Davacılar vekilinin Selçuk Üniversitesi Adli Tıp Anabilim Dalı Başkanlığının 30/06/2021 tarih ve … sayılı raporuna karşı beyan dilekçesi özetle; …, … ve … hakkında Selçuk Üniversitesi Tıp Fakültesi Hastanesi Adli Tıp Anabilim Dalı Başkanlığı tarafından tanzim edilen 30.06.2021 tarihli maluliyet raporlarında, müvekkilleri aleyhine olan hususları kabul etmediklerini beyanla; Maluliyet raporlarına ilişkin beyanlarının kabulüne karar verilmesini talep etmişlerdir.
(III) DELİLLERİN DEĞERLENDİRİLMESİ VE GEREKÇE
İşbu dava; Tazminat (Ölüm Ve Cismani Zarar Sebebiyle Açılan Tazminat) davasıdır.
Mahkememizce; dava dilekçesi, tarafların verdikleri diğer dilekçe ve belgeler, alınan raporlar ile dosya arasındaki tüm kayıt ve belgeler tek tek incelenmiştir.
Davacılar vekili dava dilekçesinde özetle, dava konusu kaza nedeniyle müvekkilinde meydana gelen cismani zararlara ilişkin geçici iş göremezlik, sürekli maluliyet nedeniyle oluşan zararı, kaçınılmaz tedavi giderlerinden doğan maddi zararı, bakıcı gideri zarar tazmini talebinde bulunmuştur.
Karayolları Motorlu Araçlar Zorunlu Mali Sorumlluluk Sigortası Genel Şartlarının, “Sigortanın Kapsamı” başlıklı A.1 maddesinde “sigortacının poliçede tanımlanan motorlu aracın işletilmesi sırasında bir kimsenin ölümüne veya yaralanmasına veya bir şeyin zarara uğramasına sebebiyet vermiş olmasından dolayı 2918 sayılı KTK ya göre işletene düşen hukuki sorumluluğu zorunlu sigorta limitlerine kadar temin edeceği… ” öngörülmüştür.

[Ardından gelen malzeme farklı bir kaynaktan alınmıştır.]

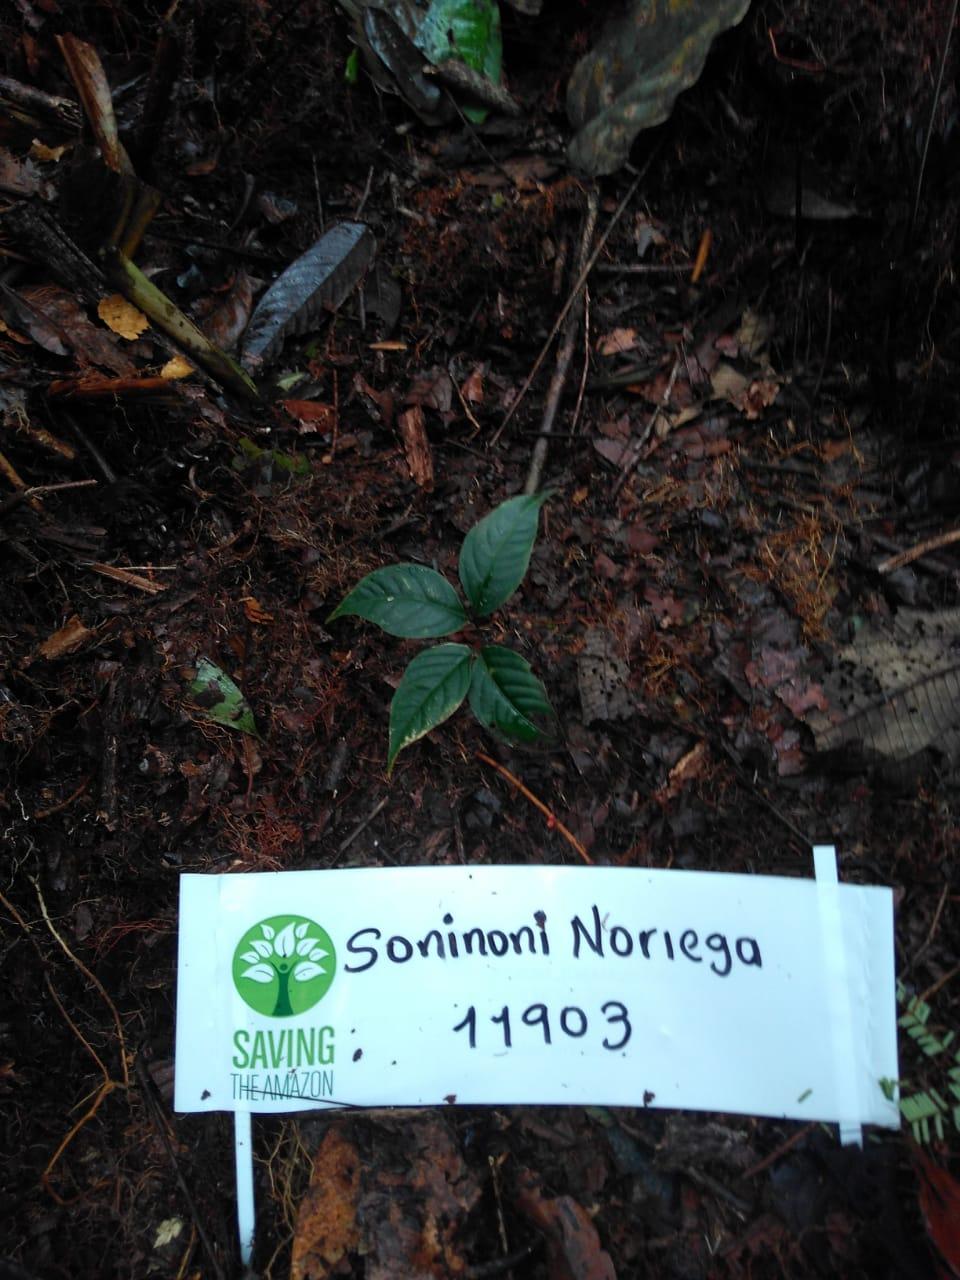 Soninoni Noriega

Mahkememizce kusur ön sorun değerlendirmesinde, Konya Asliye Ticaret Mahkemesinin … E. Sayılı dosyasından aynı kaza ile ilgili İTÜ bilirkişilerinden alınmış kusur raporu taraflara tebliğ edilmiş, alınan hüküm kurmaya elverişli ve denetime açık bilirkişi raporuna göre kazanın meydana gelmesinde davalı tarafından sigortalanan araç sürücüsünün %100 oranında kusurlu olduğu belirlenmiştir.
Maluliyete ait değerlendirmede, mahkememizce Selçuk Üniversitesi Tıp Fakültesi Hastanesi Adli Tıp Başkanlığı bünyesinde rapor almıştır.
Yukarıda özetlenen rapor içeriği, alınan raporun heyet tarafından düzenlenmiş olduğu, görevlilerin profesör ve konusunda uzman öğretim görevlisi hocalarının yer alması karşısında bu rapor kabul edilmiştir.
Aktüerya/hesap incelemesi bakımından, mahkememiz kaza tarihi de dikkate alınarak hem TRH 2010 tablosu hem de PMF 1931 yaşam tablosuna göre alternatifli hesaplama yapılması amacıyla dosyayı aktüerya lisansı olan bilirkişiye tevdi etmiştir. Anılan raporun yöntemine uygun olduğu anlaşıldığından mahkememizce kabul görmüştür.
Aktüer Bilirkişiden alternatifli zarar hesabı yapılması talep edilmiş ve 06.10.2021 tarihli Aktüer bilirkişi raporu ile seçenekli olarak hem PMF 1931 yaşam tablosu hem de TRH 2010 yaşam tablosuna göre raporun tanzim edildiği, sigorta şirketi tarafından yapılan ödemelerin güncellenerek hesap miktarından düşüldüğü böylece raporun açıklamalı, gerekçeli, denetime ve hüküm kurmaya elverişli olduğu görülmekle; Yargıtay . Hukuk Dairesinin … Esas … Karar; Yargıtay . Hukuk Dairesinin … Esas … Karar; Yargıtay . Hukuk Dairesinin … Esas … Karar; Yargıtay . Hukuk Dairesinin … Esas … Karar ; Yargıtay (Kapatılan) . Hukuk Dairesinin … Esas … Karar; Yargıtay (Kapatılan) . Hukuk Dairesinin … Esas … Karar sayılı içtihatları ile benzer mahiyetteki Yerleşik içtihatları nazara alınarak; TRH 2010 yaşam tablosu ve prograsive rant sistemine göre hesaplamaların yapıldığı, 06/10/2021 tarihli aktüerya bilirkişi raporunun bu kısmına göre mahkememizce hüküm kurulmuştur.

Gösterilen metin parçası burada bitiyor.